* [EXERCISE DETAILS]:
Repeat the data that follows, word for word, without the images.

* [SOURCE MATERIAL]:
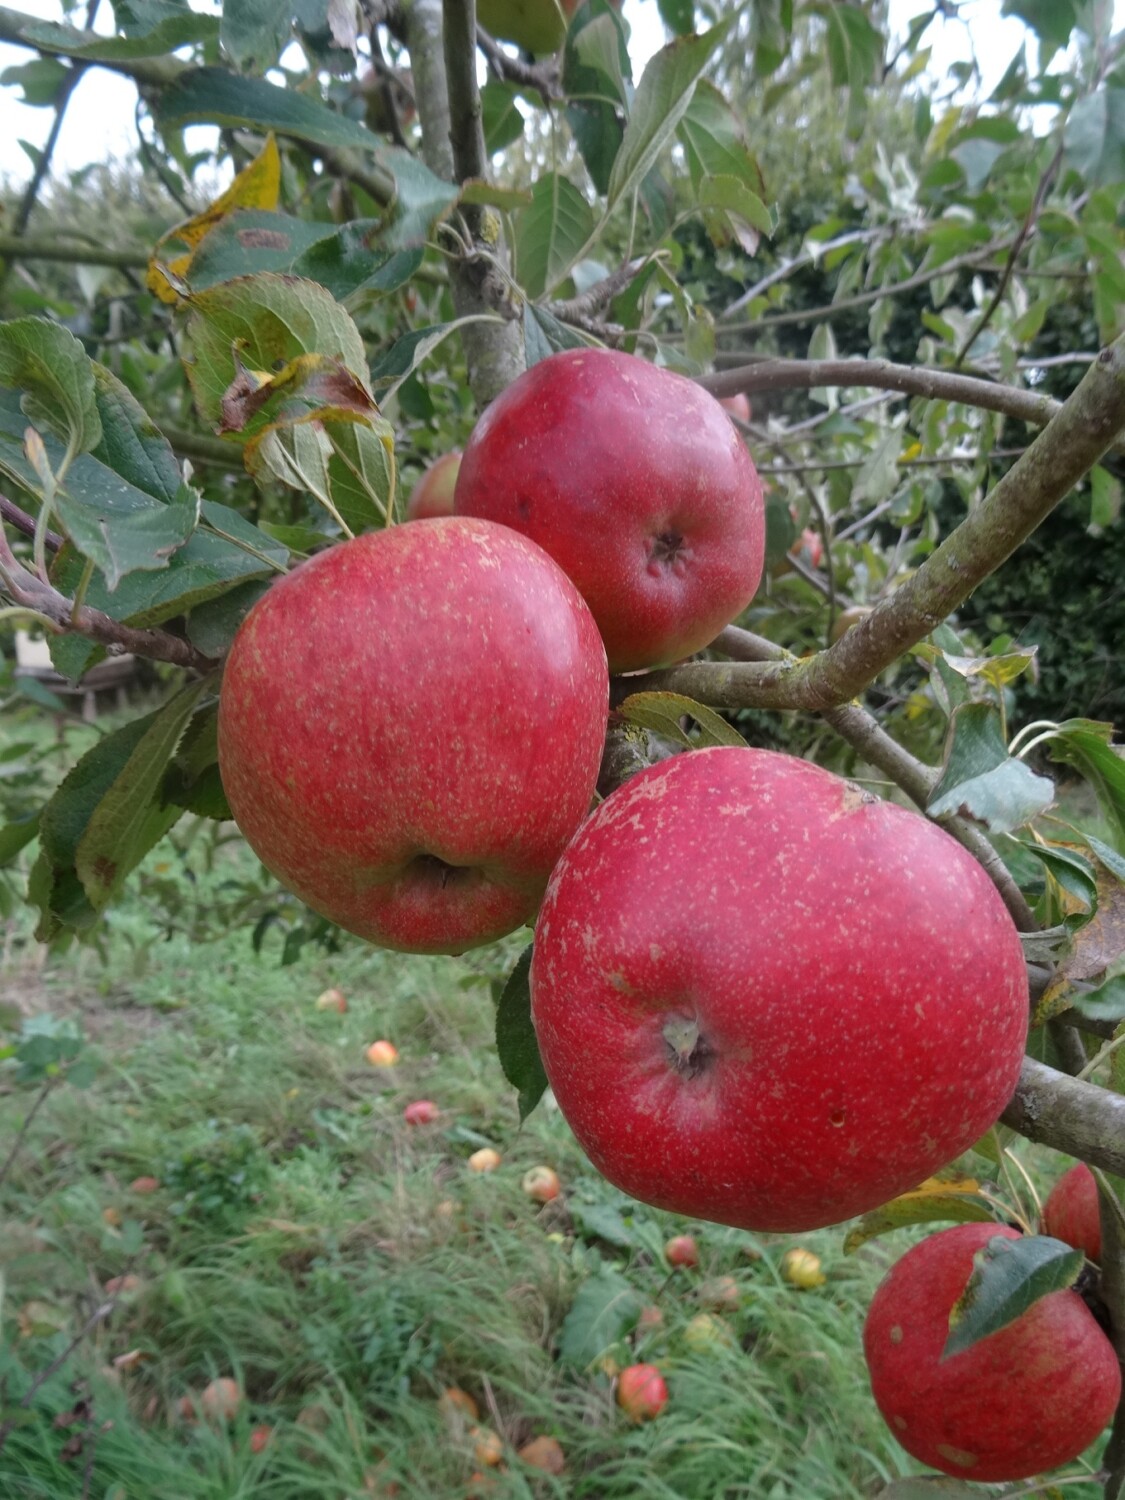 Lord Hindlip apples ready to pick
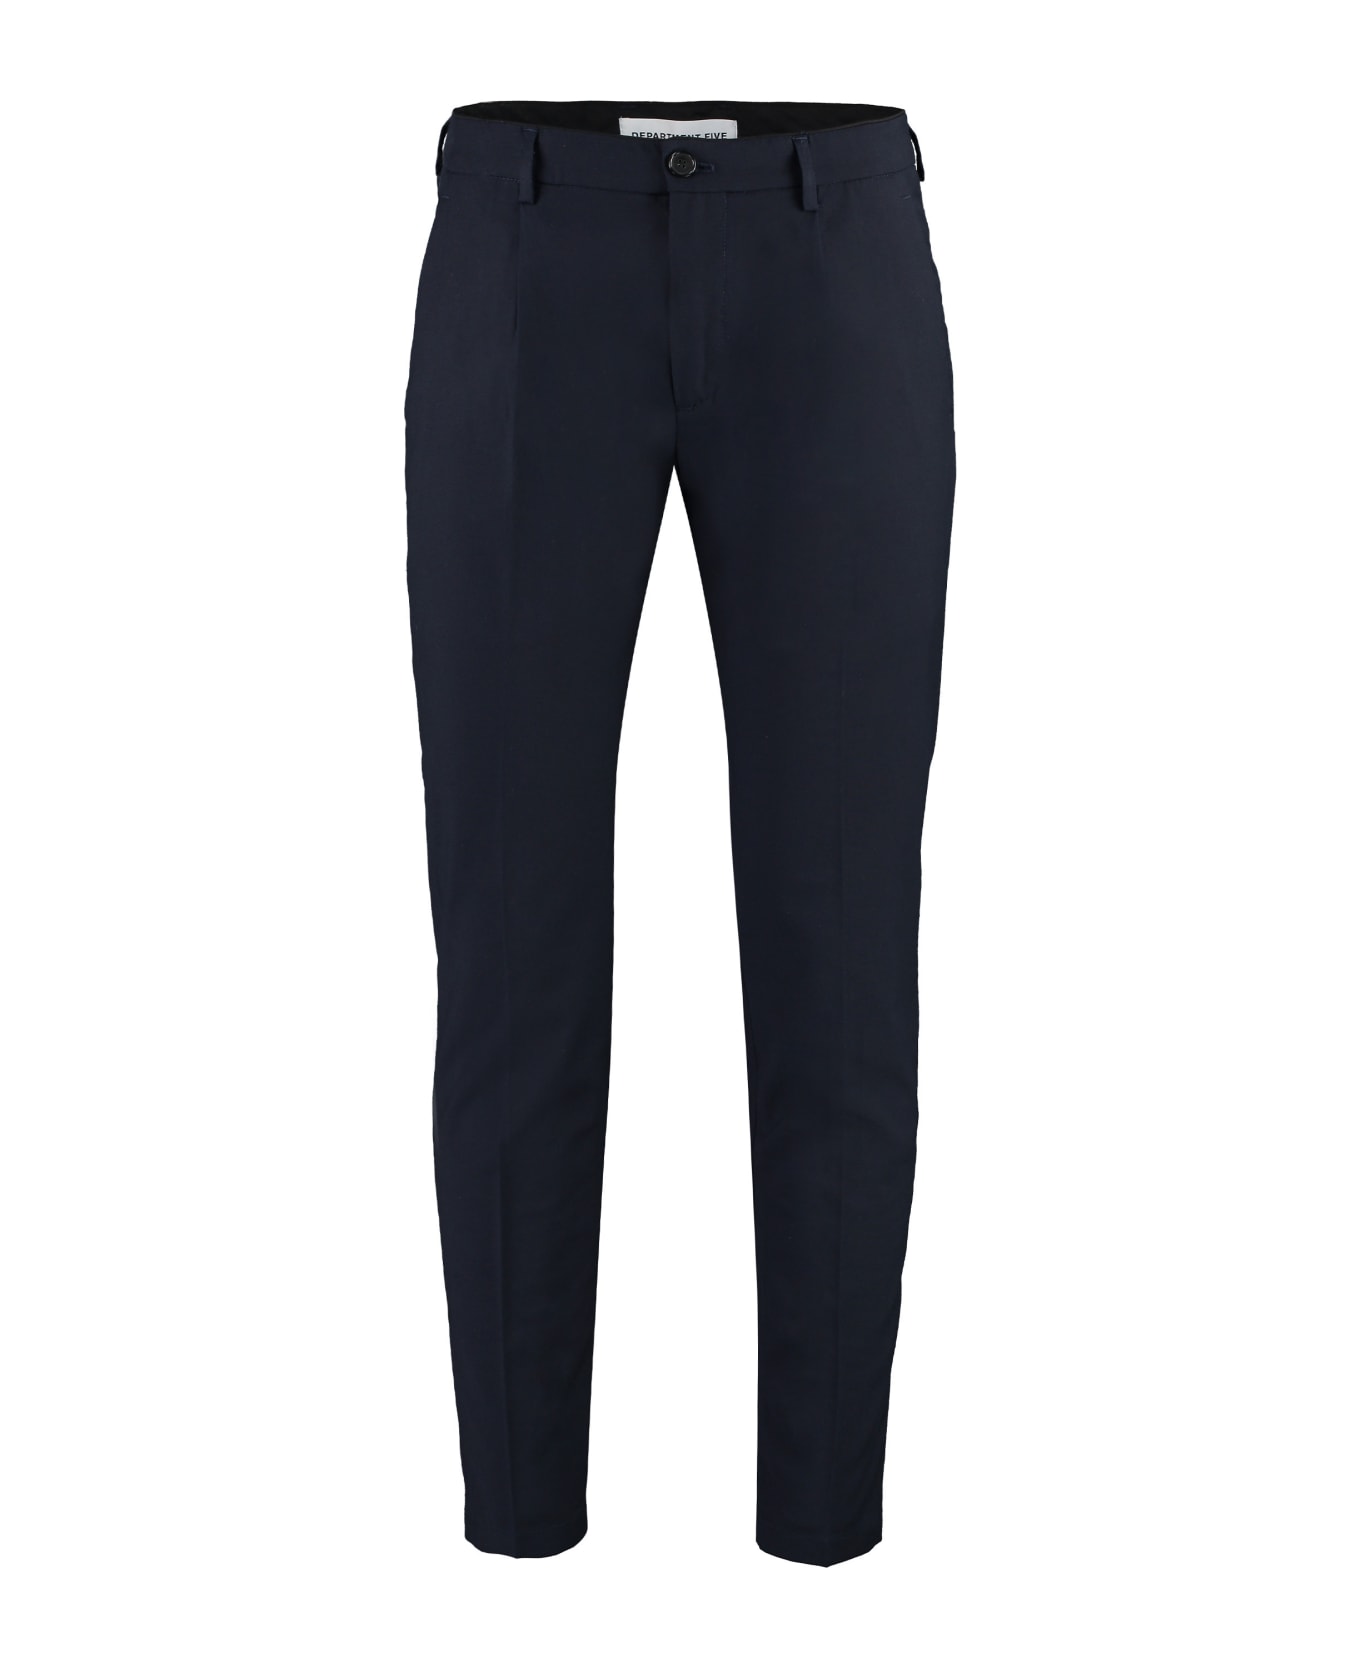 Department Five Prince Chino Pants - NAVY
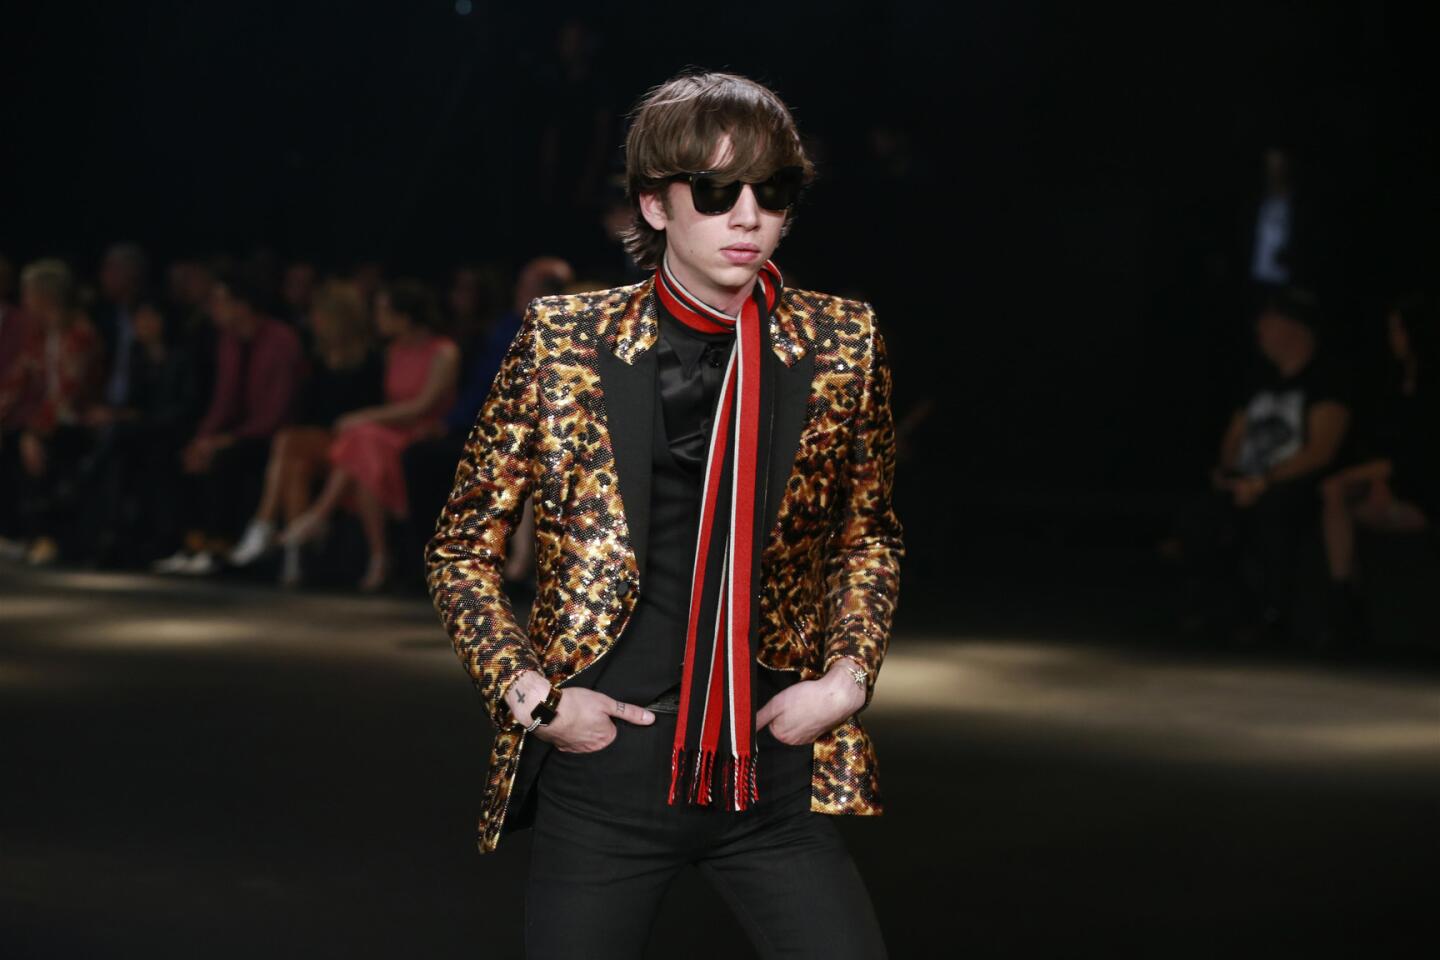 Saint Laurent's Hedi Slimane rocks the L.A. runway with retro-glam zeal -  Los Angeles Times

* [SOLUTION FOR THIS EXERCISE]:
 Lord Hindlip apples ready to pick
 Department Five Prince Chino Pants - NAVY
 Saint Laurent's Hedi Slimane rocks the L.A. runway with retro-glam zeal -  Los Angeles Times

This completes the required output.